Sensual Sobriety at Lanvin

by Suzy Menkes

Marching purposefully down the wet road of a runway, the women - mostly black clad but one in a scarlet suit - waved at the Lanvin audience.

It was a defining moment in the autumn 2009 season, when bias-cut tailoring, fur stoles circling the shoulders and boldly studded dresses with just a soupçon of the 1980s spelt out the new fashion message: sensual sobriety.

The clothes that the designer Alber Elbaz sent out were an ode to women - not that romantic, ethereal creature of male dreams but a modern woman who can take a curve-heel shoe in her long stride; one who needs a suit, with jacket belted above a slim skirt; and whose idea of exposure is a soft cowl swooping below a bared upper back.
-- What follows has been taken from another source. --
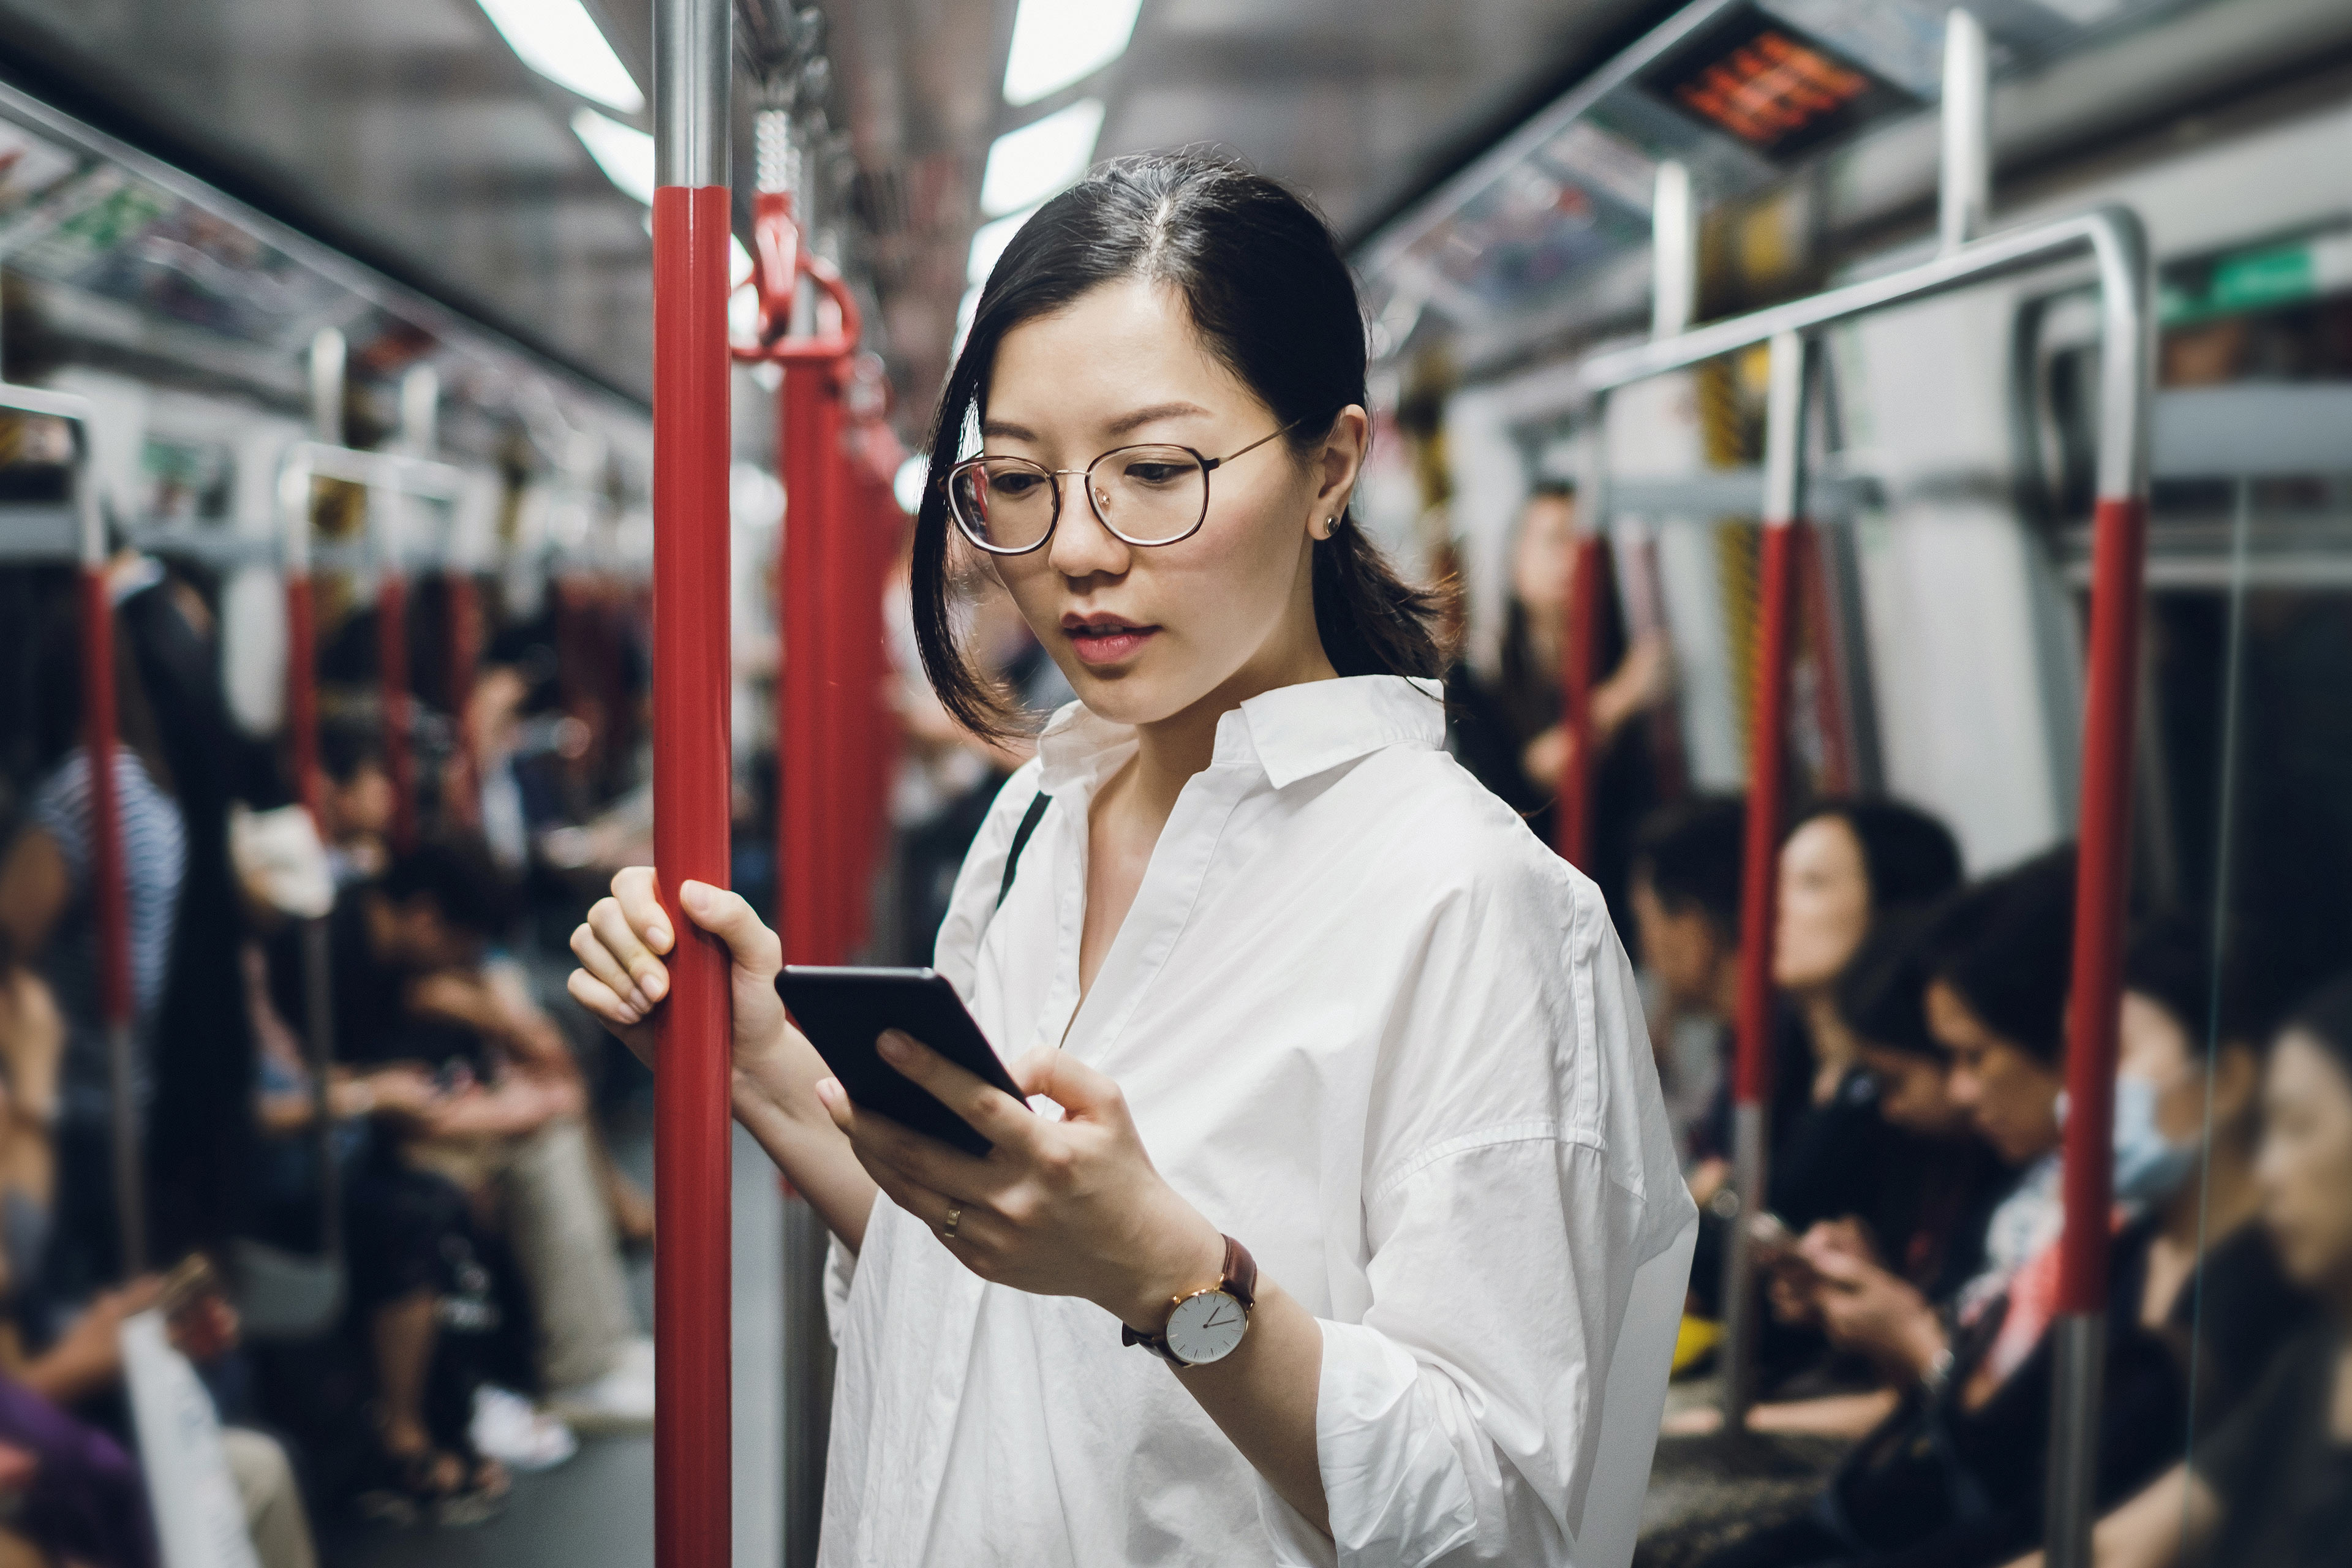 Woman in glasses checks phone on commute

Lanvin has become a byword for modern glamour that responds to the female body, rather than controlling, or even torturing it.

Elbaz was on top form, with his nonchalant way of cutting a plain coat so that it covers but never smothers; or using stretch fabrics, on the bias, with never a hint of vulgarity. He seems to get inside the skin of a 21st century femininity, which is about a flurry of feathers crowning a scooped-back pony tail and the way a bodice is tamed into a big flat bow.

Two factors stood out: First, the technical skill that, as with traditional couture, made complex cuts seem oh-so-simple that the actress Kristin Scott Thomas sighed over a silver gray satin dress and imagined herself inside the scarlet suit.

The program even baptized the outfits with names from Arlette to Violette. You almost expected to hear them called out over the soundtrack.

The choice of fabrics also was exceptional, with the introduction of burnt-out dévorée velvet to give substance to surface, while the dresses remained so light.

Above all, this was a wardrobe of clothes from a designer who understands a woman in her different moods - gentle, aggressive, power worker, mother, lover - and makes fashion to embrace all of that.